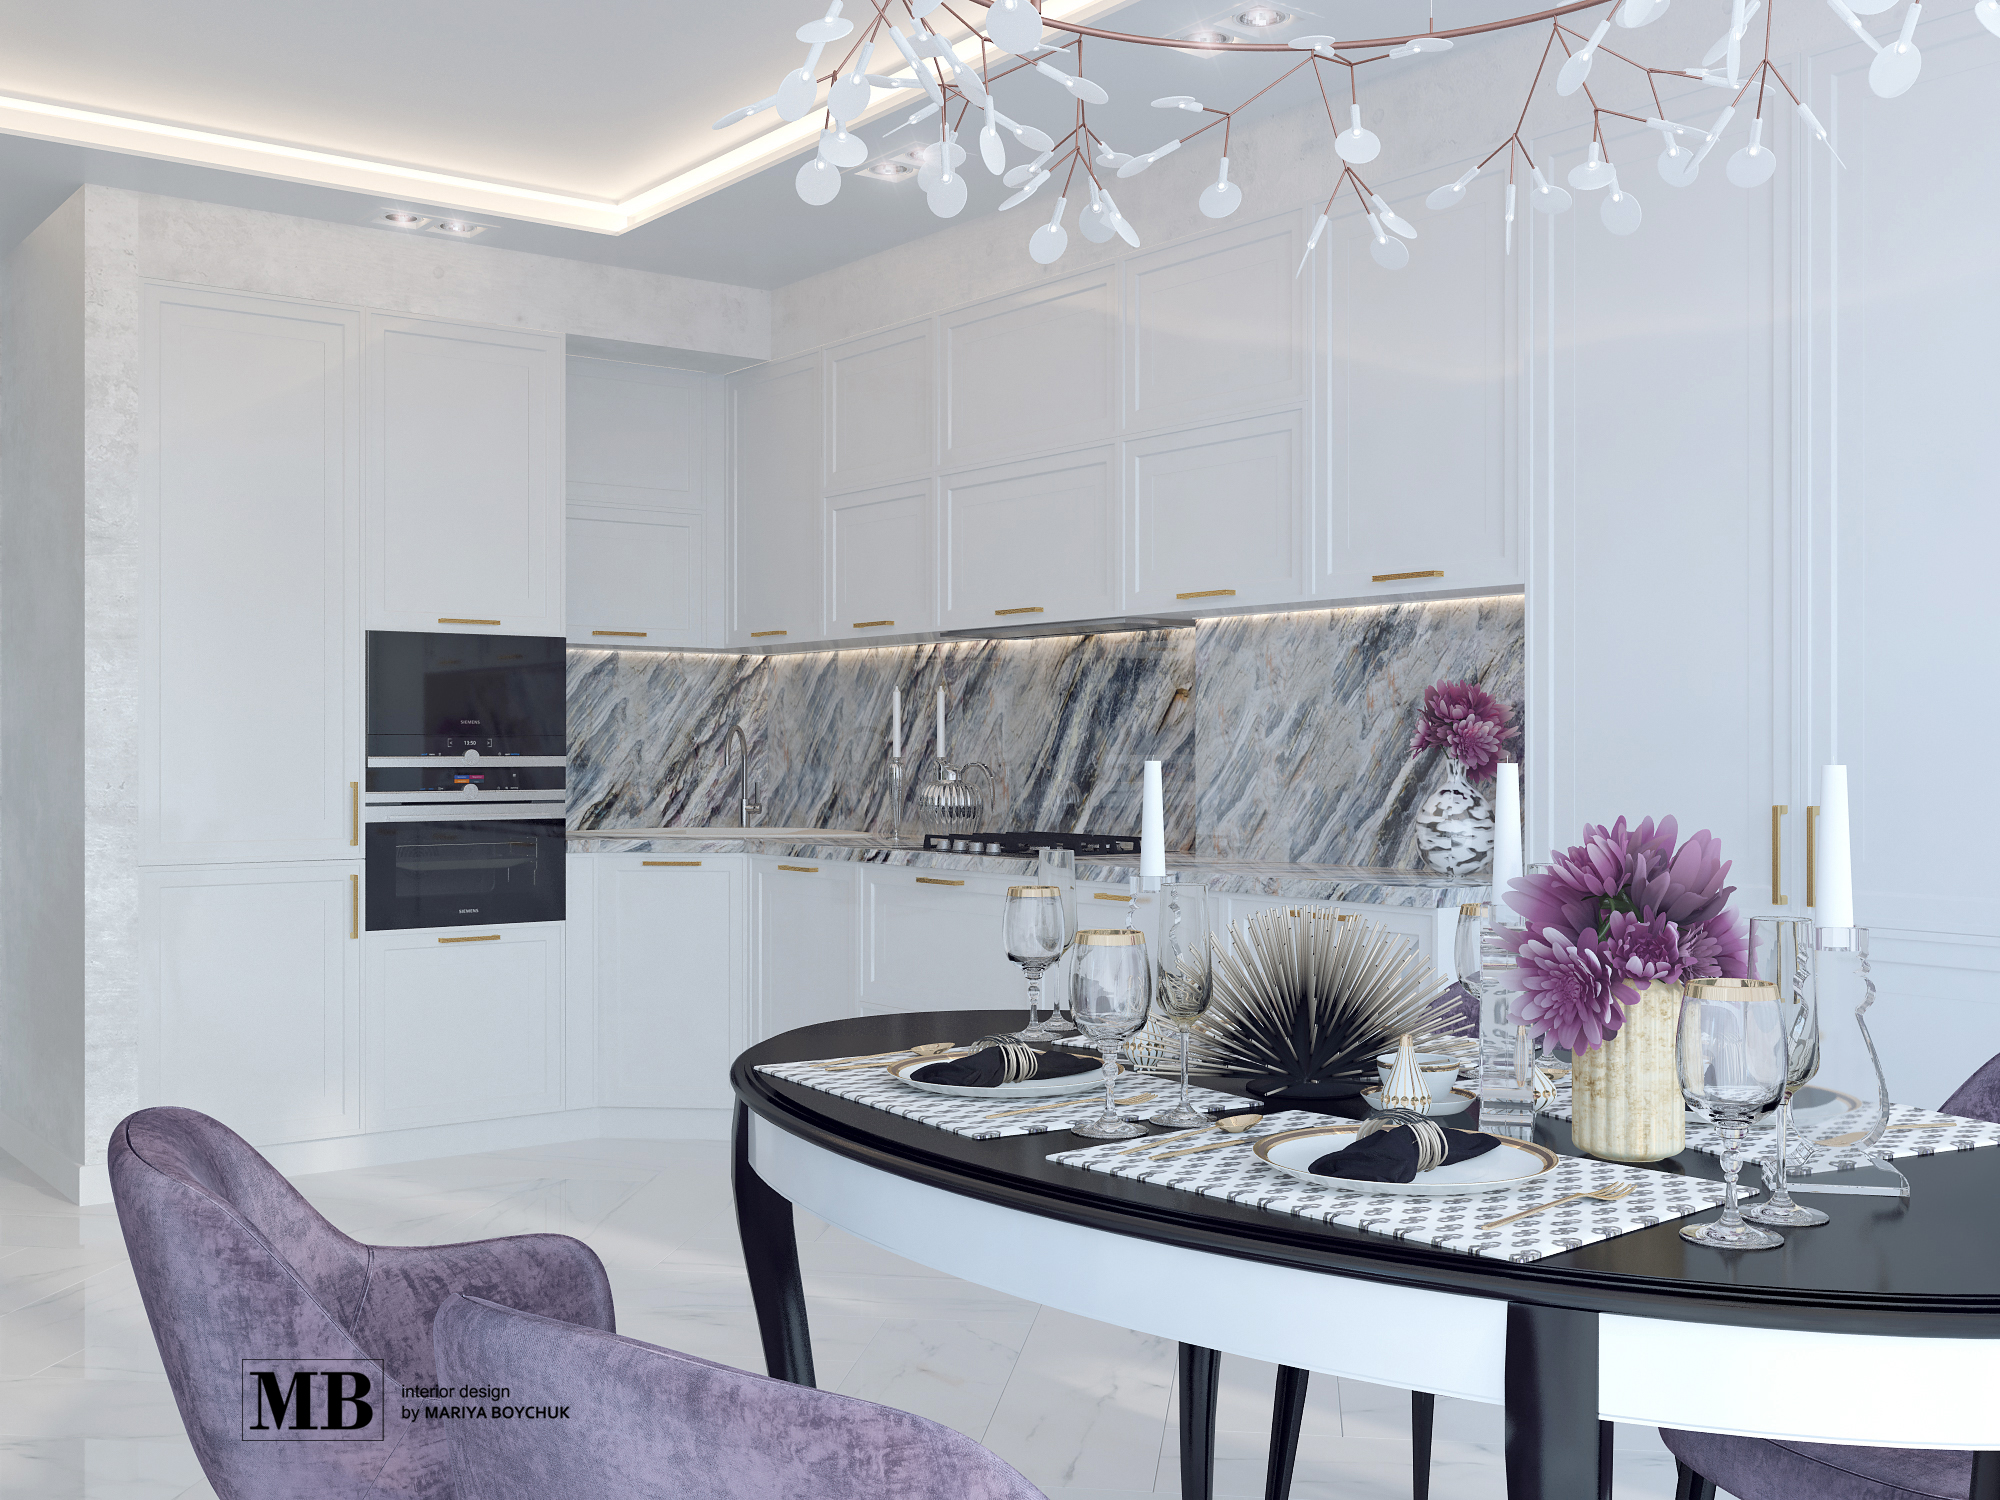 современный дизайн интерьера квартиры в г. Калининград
...
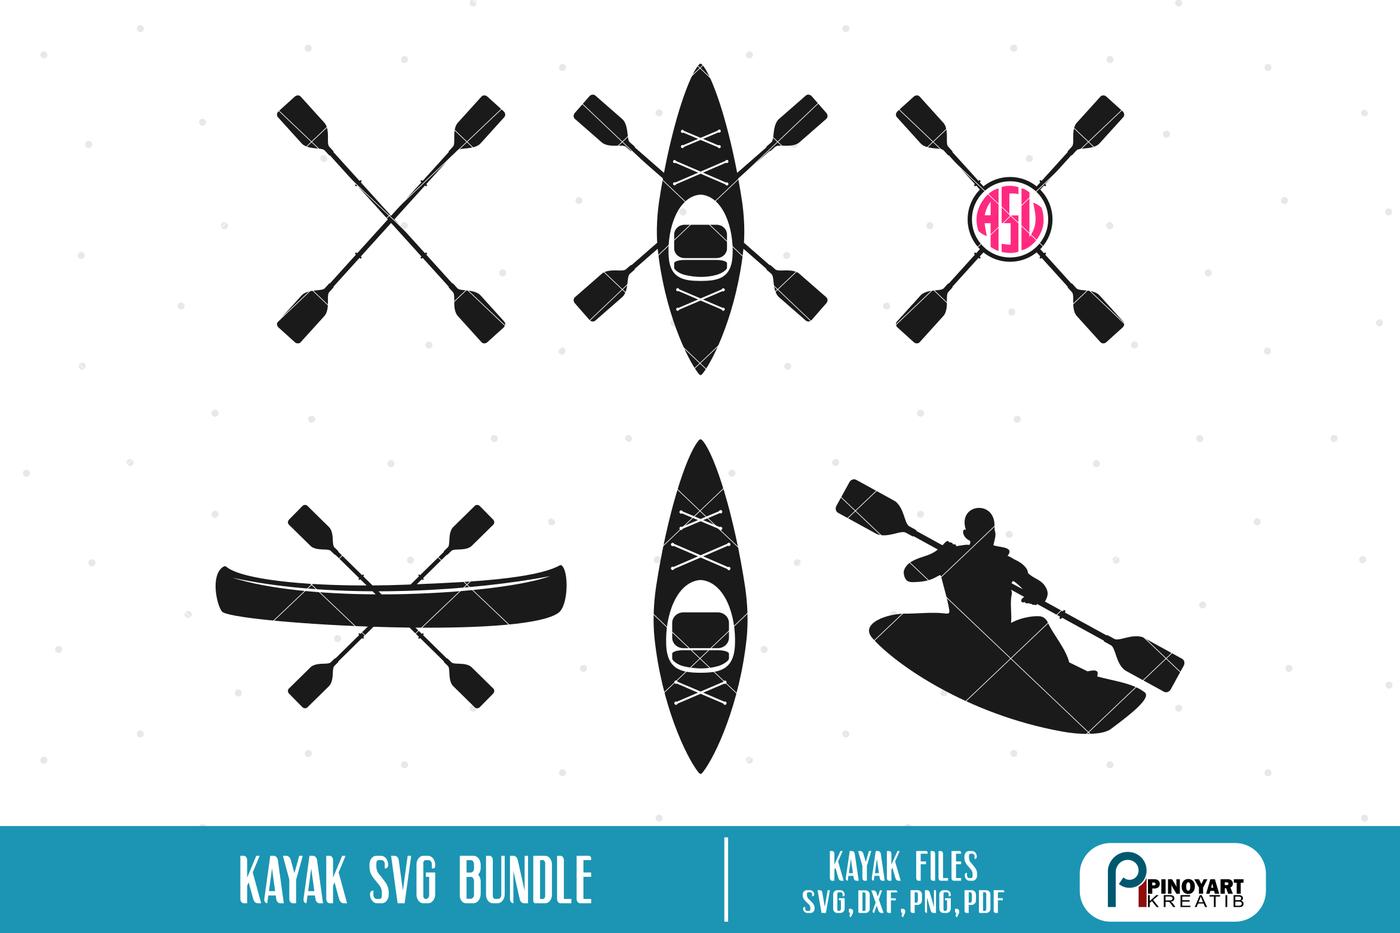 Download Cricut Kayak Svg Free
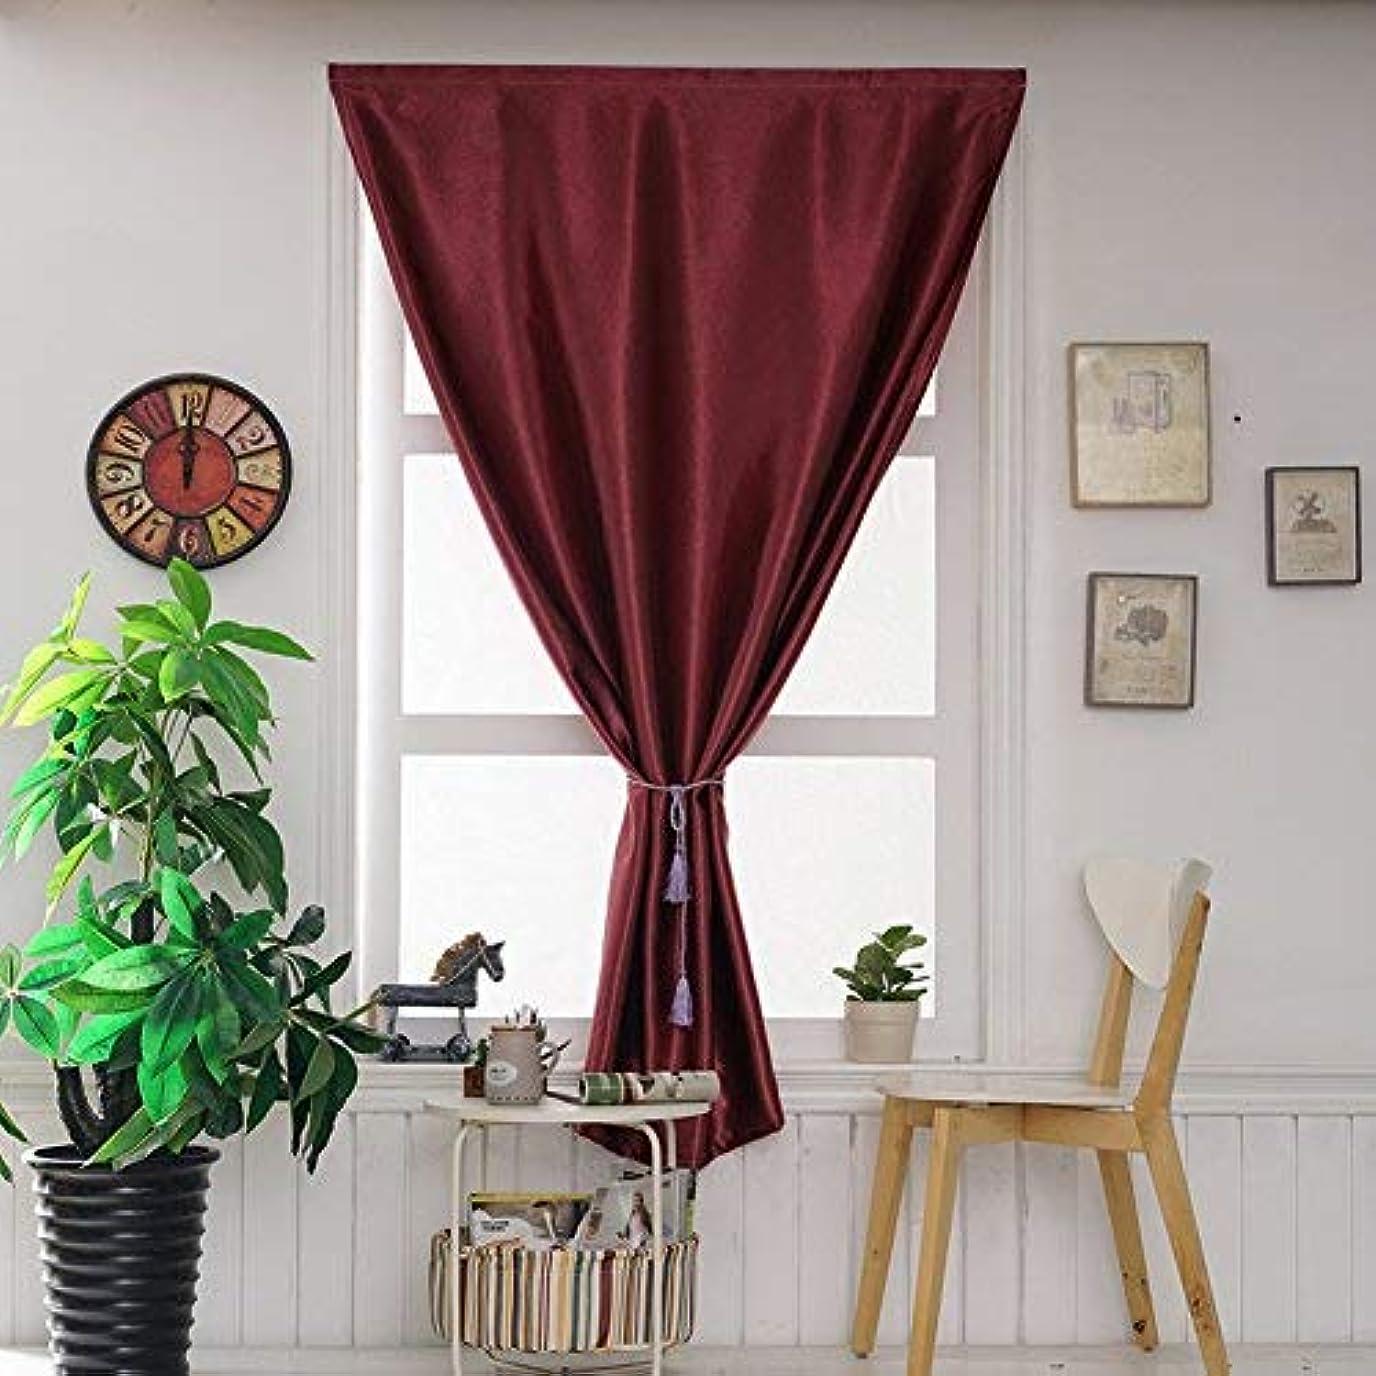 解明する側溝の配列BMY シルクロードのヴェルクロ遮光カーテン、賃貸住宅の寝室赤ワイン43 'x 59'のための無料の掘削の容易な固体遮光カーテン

**AIM OF THE EXERCISE**
Above, find the line with "Download Cricut Kayak Svg Free"; copy it and every line down to the line with "解明する側溝の配列BMY シルクロードのヴェルクロ遮光カーテン、賃貸住宅の寝室赤ワイン43 'x", exactly and both included, but no pictures.

**RESPONSE AREA**
 Download Cricut Kayak Svg Free
 解明する側溝の配列BMY シルクロードのヴェルクロ遮光カーテン、賃貸住宅の寝室赤ワイン43 'x 59'のための無料の掘削の容易な固体遮光カーテン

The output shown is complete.